As the draft approaches and players’ draft stock rises and falls (measured in millions of dollars in potential first contracts) character issues have become more and more important in football. Character issues have even bigger implications than just players’ draft position though. The Bills have had to deal with character issues recently with incidents involving Marshawn Lynch, Dante Whitner, and Ko Simpson.

When Roger Goodell took office as commissioner of the NFL and started talking about how character issues would become stressed and players would be held to a higher standard I thought this might be a good thing. This higher standard was to be enforced with suspensions for misconduct. Since then though, I have done a 180 on this issue.

I’m not exactly sure what it was that made me change my mind. It could have been anything from Adam Jones, to Mike Vick, to Tank Johnson, to Cedric Benson, to the unfortunate shootings that have happened (Collier, Taylor, and Williams), to Plax shooting himself. I guess what it comes down to for me is… why football players?

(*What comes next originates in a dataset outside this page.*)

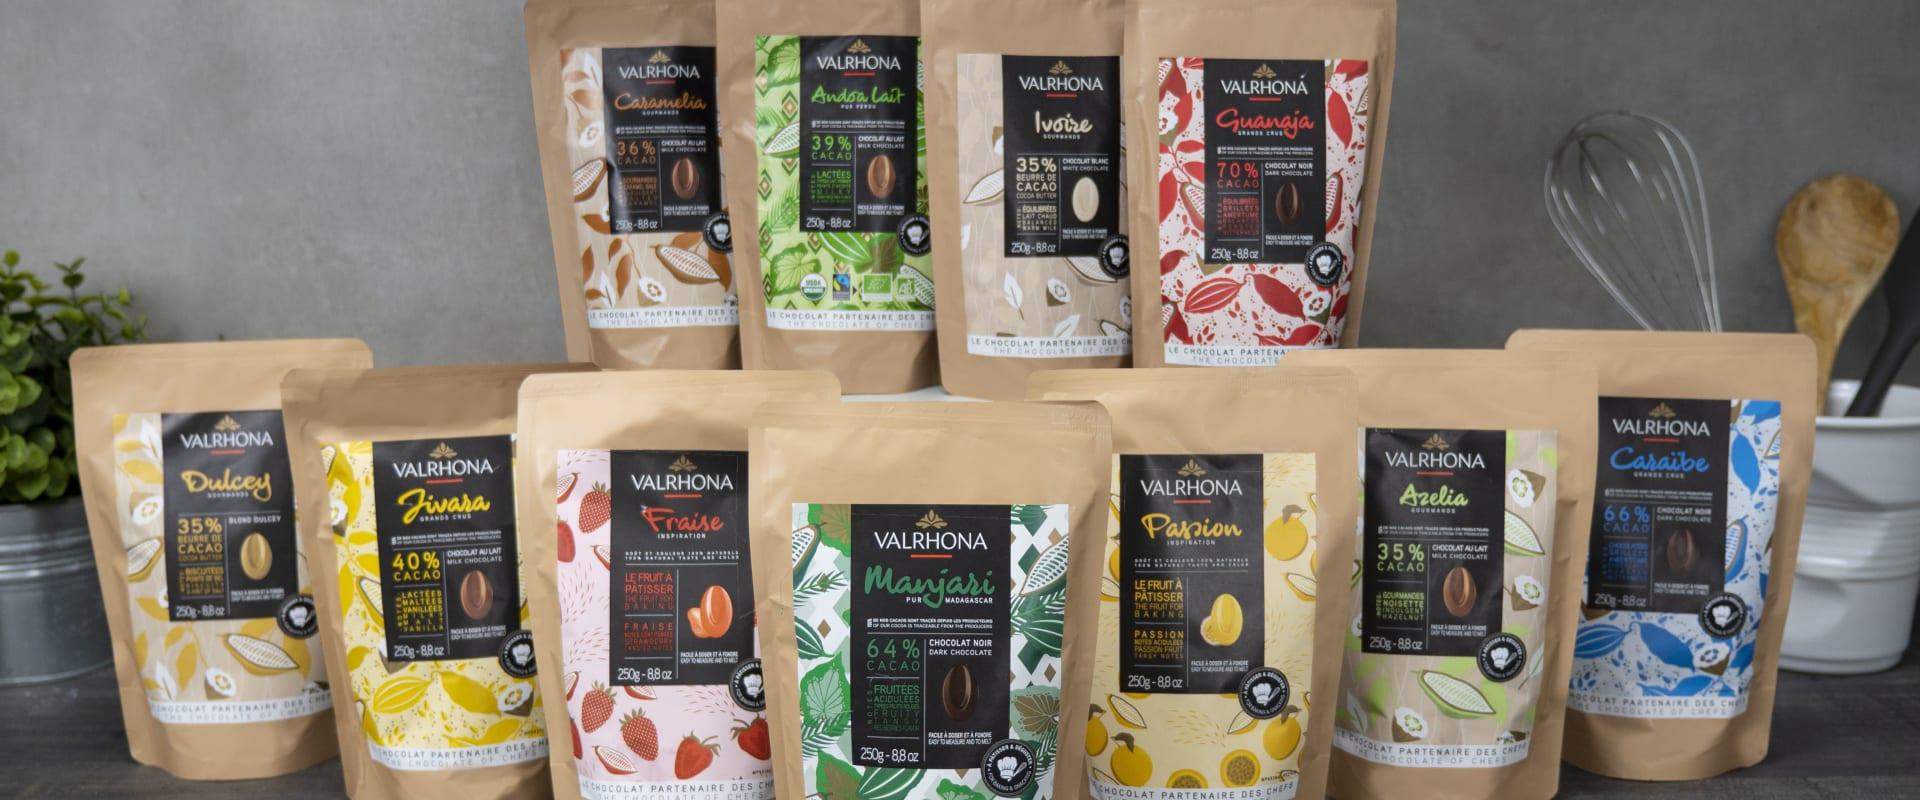 valrhona.com-gourmets-range-banner

Let’s think for a second what it would be like if others were suspended without pay from their positions were they to misbehave. You can apply this to whatever realm you want, it’s plain not fair. What if musicians were held to this same standard? When was the last time that you heard that a band’s tour was canceled because one of the band members got into an altercation outside of a strip club? When was the last time that a Hollywood actor was suspended from filming a blockbuster (i.e. Hugh Grant, Robert Downey Jr., Lindsay Lohan, etc.)?

It’s almost like we forget what these guys are doing out on a football field. Think in your head about Troy Polamalu literally flying through the air, head first at a quarterback. Players in the NFL get paid lots of money to play a very violent sport. Granted, lots of players are great human beings, serving and giving back to their communities, much like Polamalu. But, why are they held to such a higher standard than other sports figures in popular culture. When did the NFL become the Disney Channel?

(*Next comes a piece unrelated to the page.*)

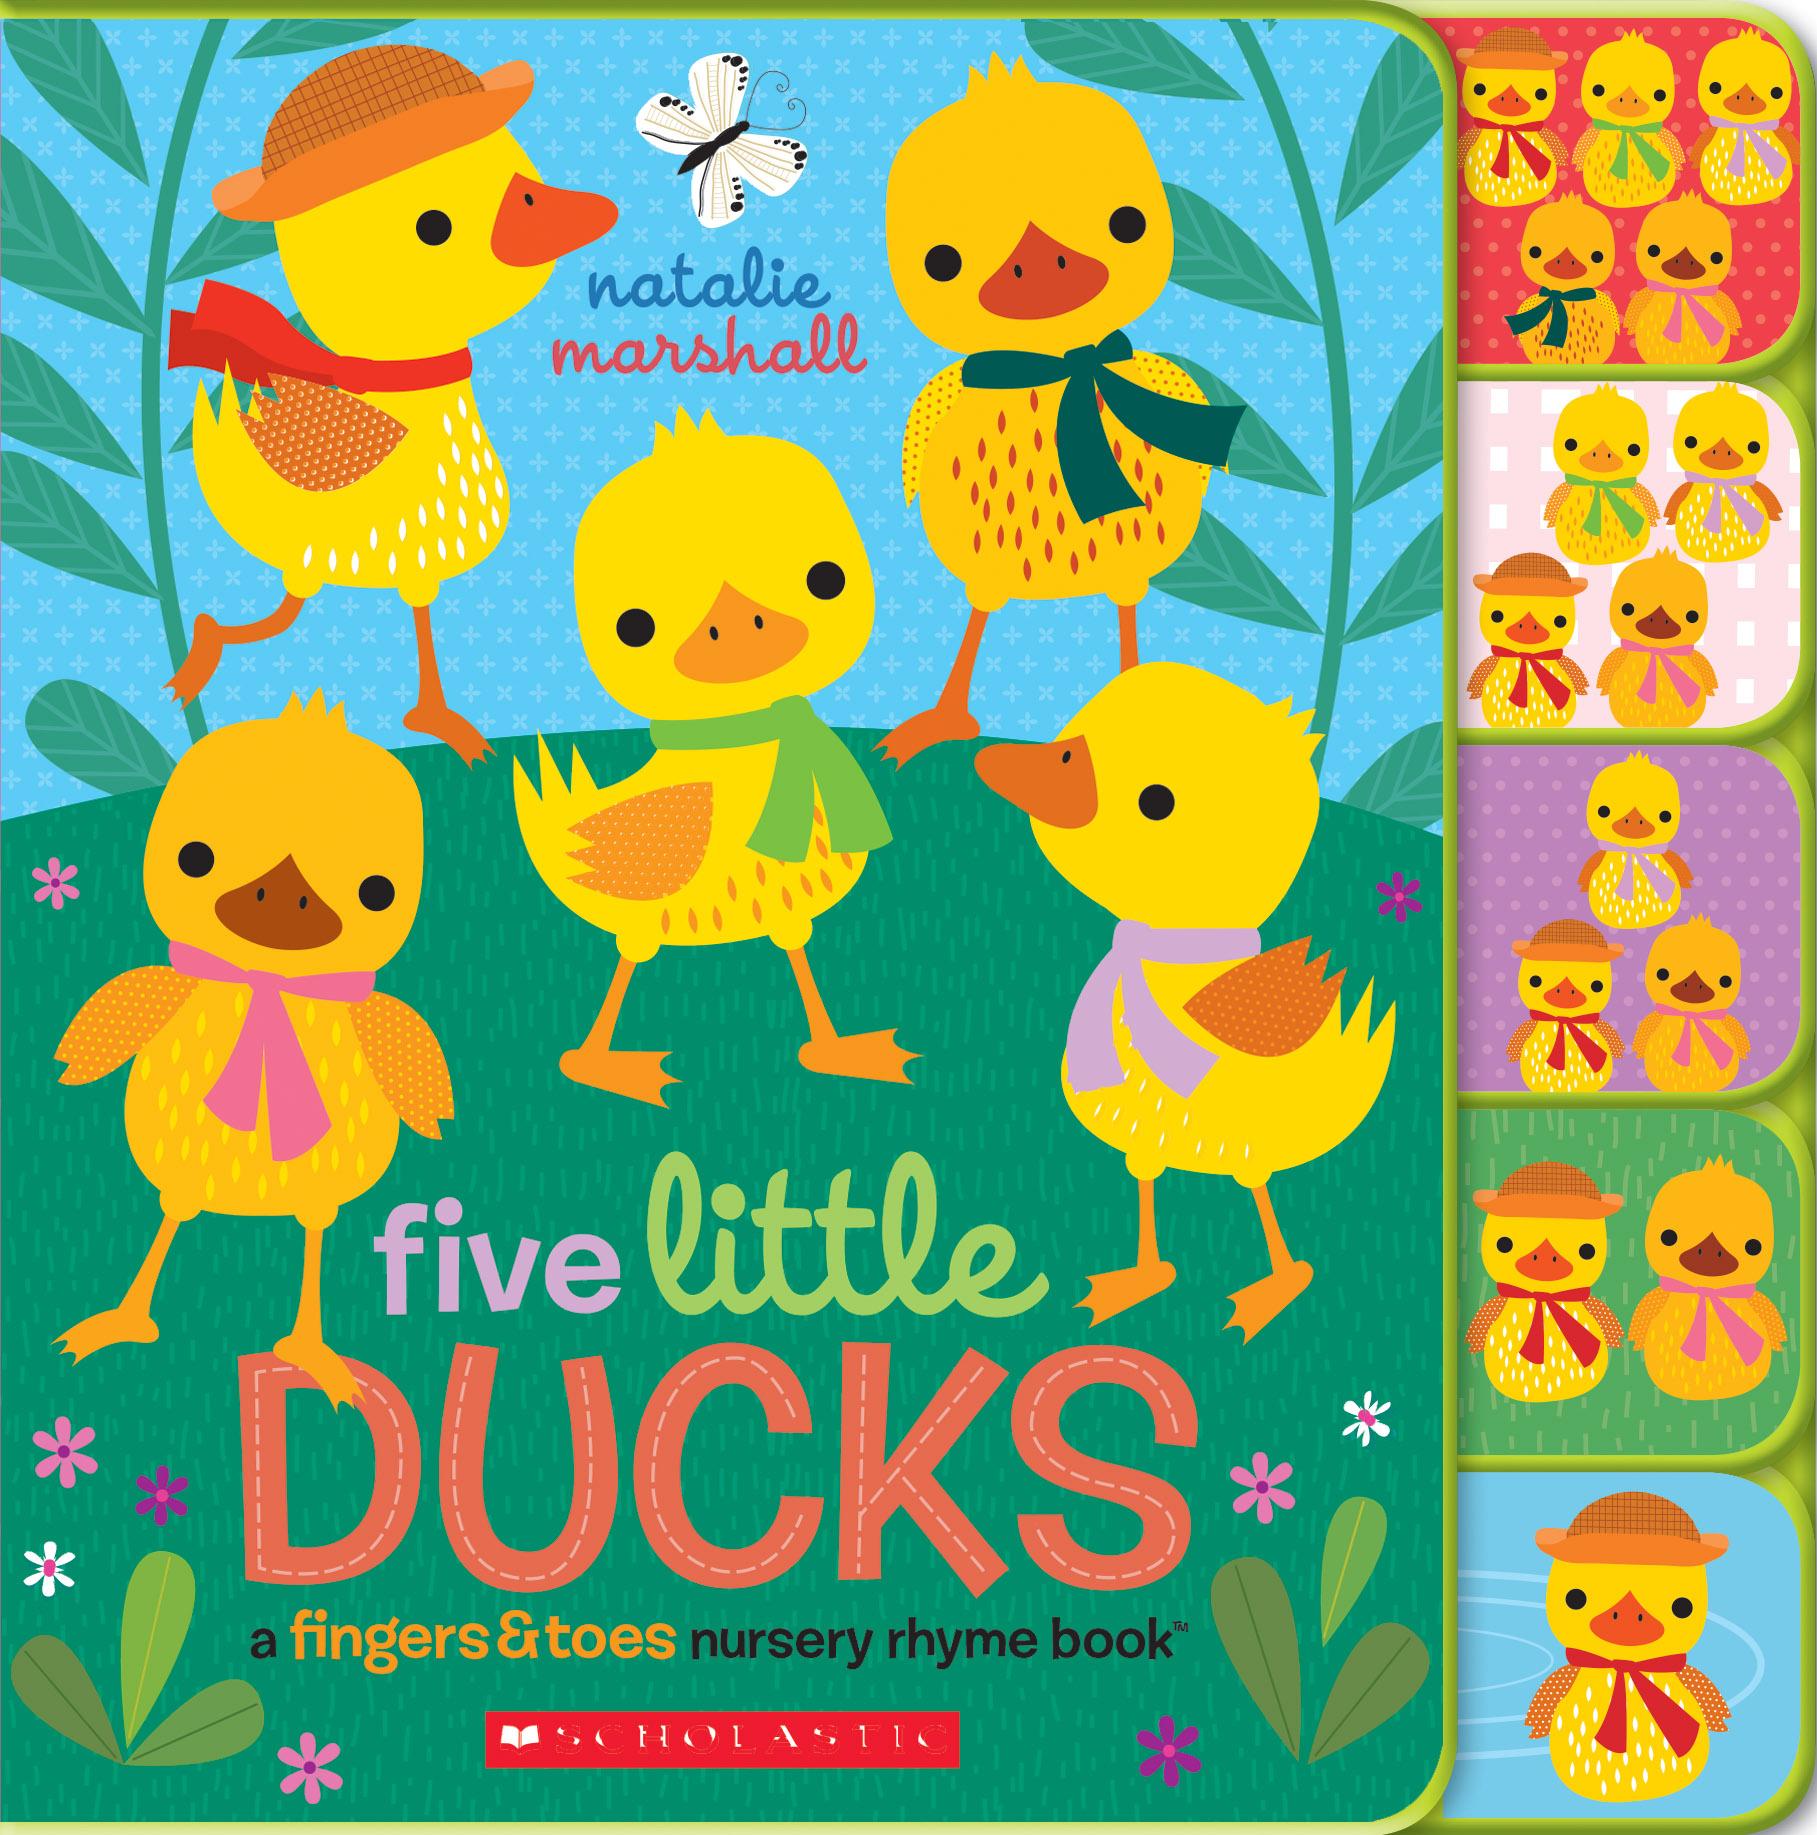 Five Little Ducks: A Fingers & Toes Nursery Rhyme Book

Isn’t the reason that we have a legal system in this country to punish people if they break the law? Why do these players deserve to be punished a second time for these infractions? I’ve heard the argument it’s because football players are role models, which is true. But movie stars, rock stars, and baseball players are role models too, how come they don’t face the same consequences for their “bad” behavior? Maybe you think it’s because football players make so much money, in which case read the above sentence again and insert role models with big money makers.

This isn’t to say that I’m against rules and that the NFL should be a gladiatorial free-for-all. I guess I just see so many other ways to enforce “rules” and make the NFL safer, more exciting, and more realistic league. For example, by enforcing steroid use to the same level that the cycling world has.

This post is dedicated to Drewbins. You're my boy Blue, I mean Drew!